UN PADRE SABIO DE FELIZ INMORTALIDAD (4) El trauma del funeral

Aún hoy recuerdo el drama de aquella noche, cuando mi padre, por primera vez, me llevó a un concurrido funeral en una casona importante de un pueblo vecino donde trabajaba los fines de semana. 

Para la época no existían locales exclusivos para velar y despedir a los muertos, por lo tanto, el velatorio se llevaba a cabo en la propia casa o en la de quien quisiera hacer la caridad a sus parientes o rendir homenaje póstumo al difunto.

Rondaba este modesto viviente que les escribe, los siete años, y mi padre estimó normal y hasta necesario que lo acompañara hasta el mismo cuarto de velación, porque seguramente el extinto era un personaje de la región, ya que muchas personas acudieron en masa a expresarle el último adiós y a ofrecerle el pésame a la familia, agolpándose frente al portón de su casa. 

Se viene a mi memoria esa experiencia impactante no sólo por ser la primera vez que me acercaba a la ventanita de un féretro, a mirar la cara de un cadáver, sino por la angustia que, momentos antes, me produjo el encargado del portón, quien, dejando pasar rápidamente a mi padre, al notar mi presencia, se puso delante mío, en un intento por impedir mi entrada. Ante lo cual, quise entrar a la brava, con la mala suerte que el fulano fue más rápido que yo, dejándome atorado entre la hoja de la puerta y el marco, mientras me advertía con voz agresiva que tenía órdenes expresas de no dejar pasar a menores. Mi terror fue causado entonces por la viva imaginación de que estaba preso, perdiendo a mi padre, y quedándome solo entre desconocidos, por culpa de querer velar a un muerto. 
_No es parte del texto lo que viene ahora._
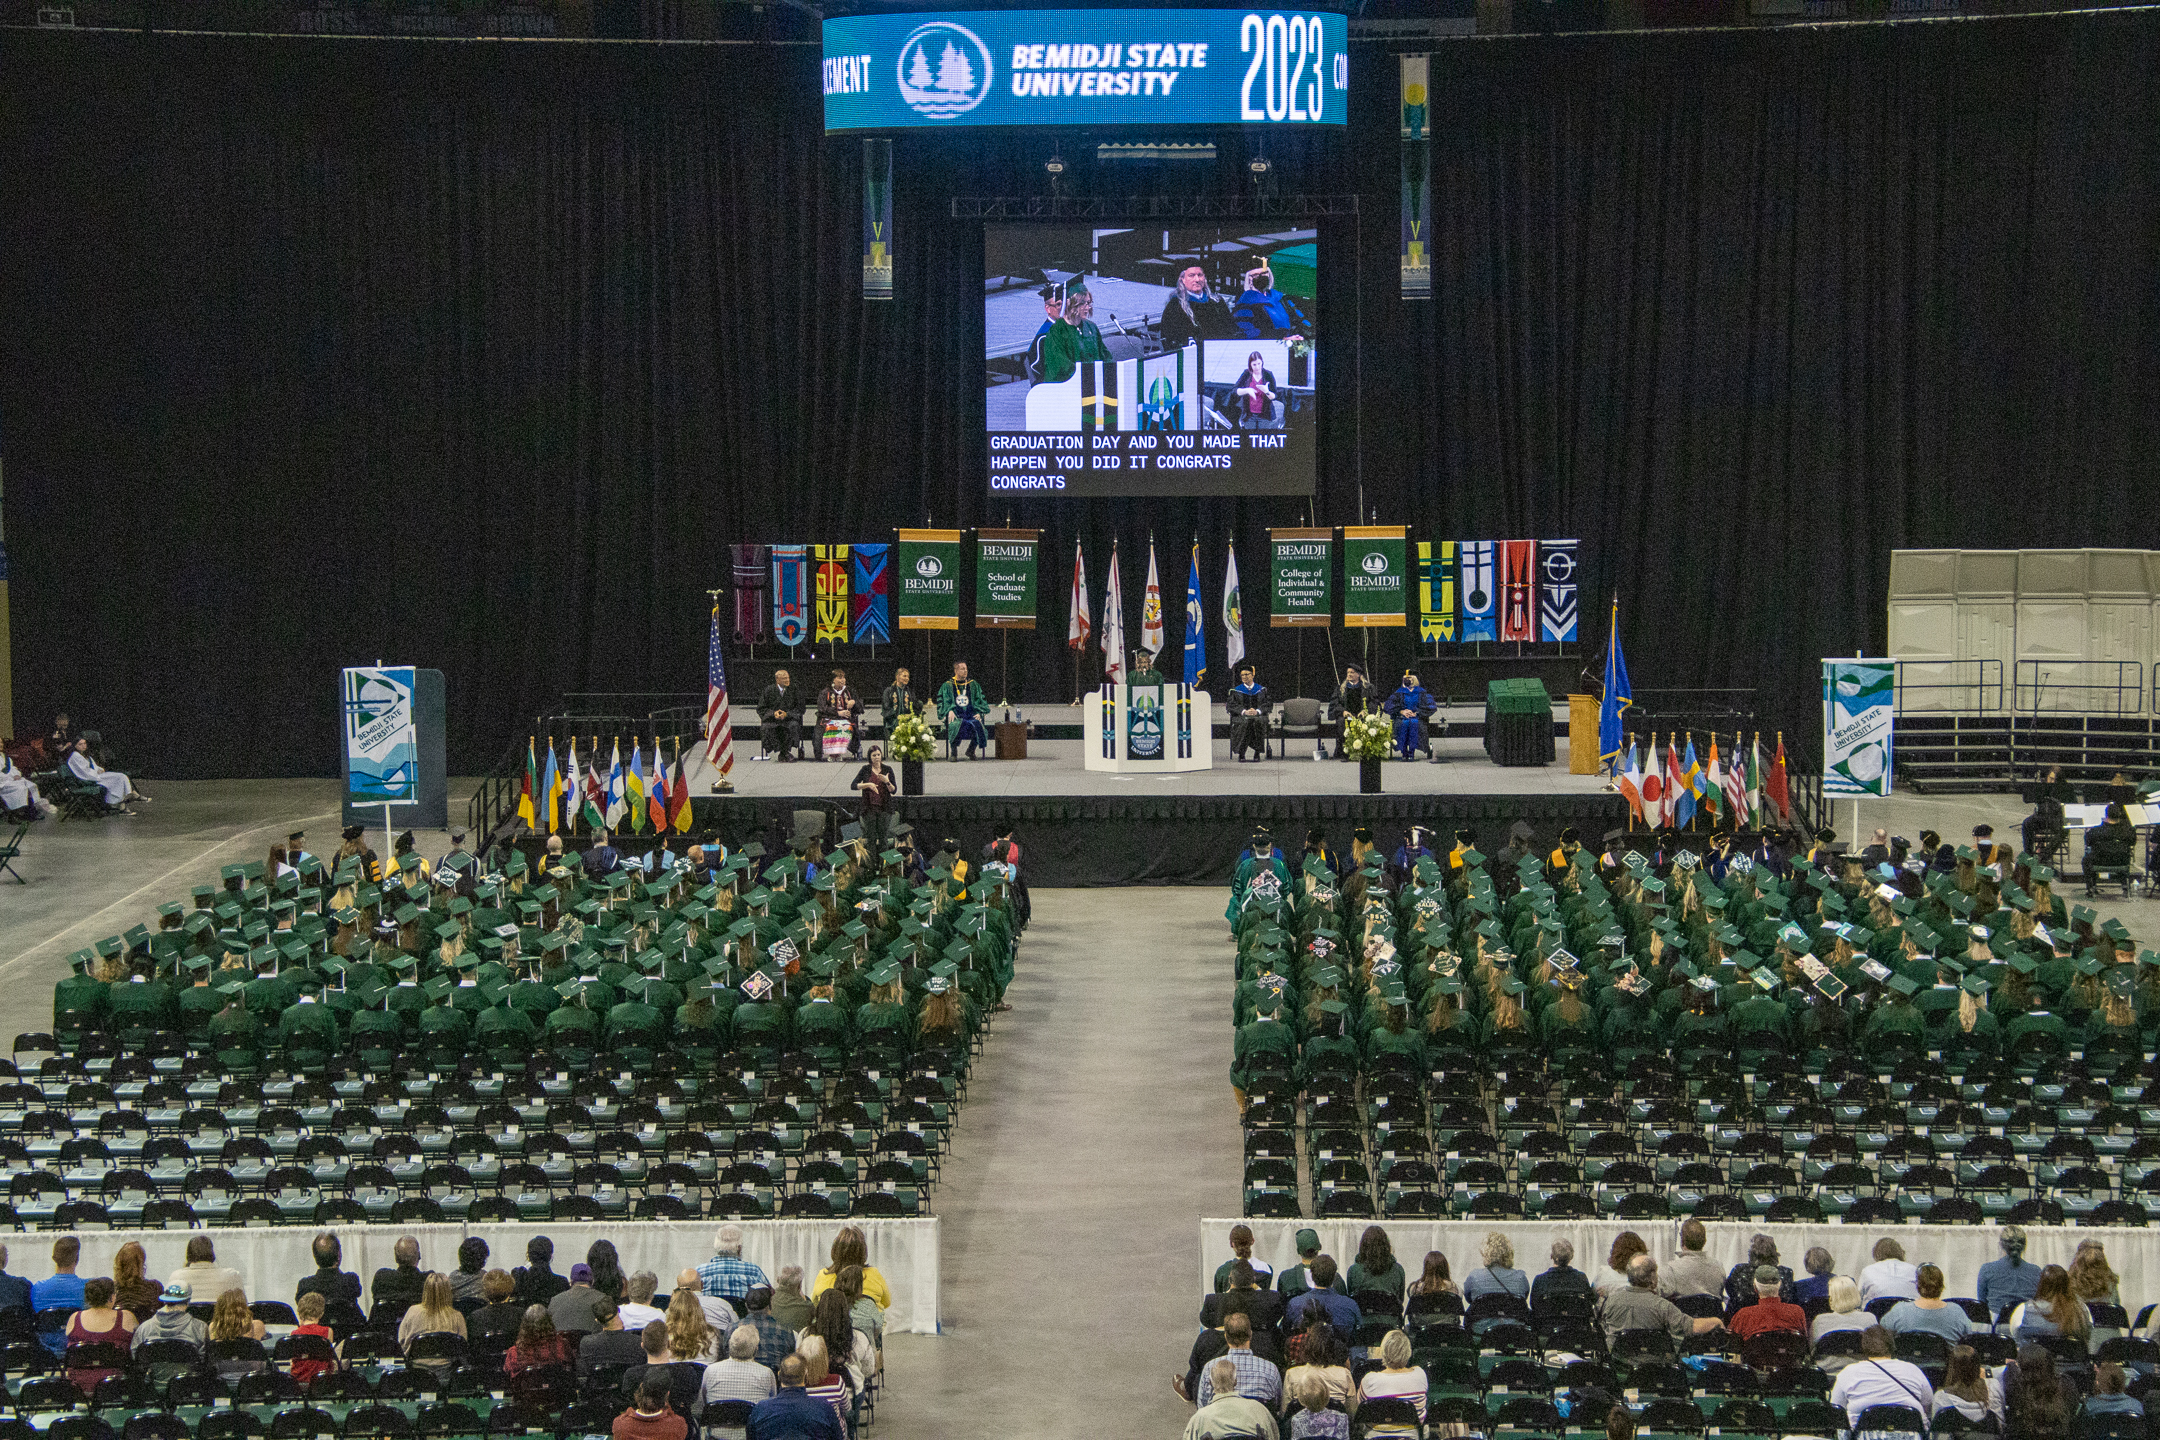 Students at BSU's commencement on May 5

Por suerte, la tragedia inventada por mí duró poco, por cuanto mi padre giró rápidamente sobre sus pasos y le aclaró al portero que yo era su hijo, que me dejara pasar. Sentí mucho alivio y rápidamente me aferré a su mano para ir en busca del ataúd. Una vez ahí, examiné sin parpadear, a través del pequeño cristal rectangular, el rostro pálido de aquel hombre inerte, atisbando el más imperceptible movimiento de sus párpados entornados o el temblor más leve en la comisura de sus labios. Concluía al cabo de largos segundos que la muerte era precisamente eso, quedarse en absoluto quietismo, en inercia irrevocable, a merced de la inminente corrupción en una bóveda o bajo la tierra del cementerio.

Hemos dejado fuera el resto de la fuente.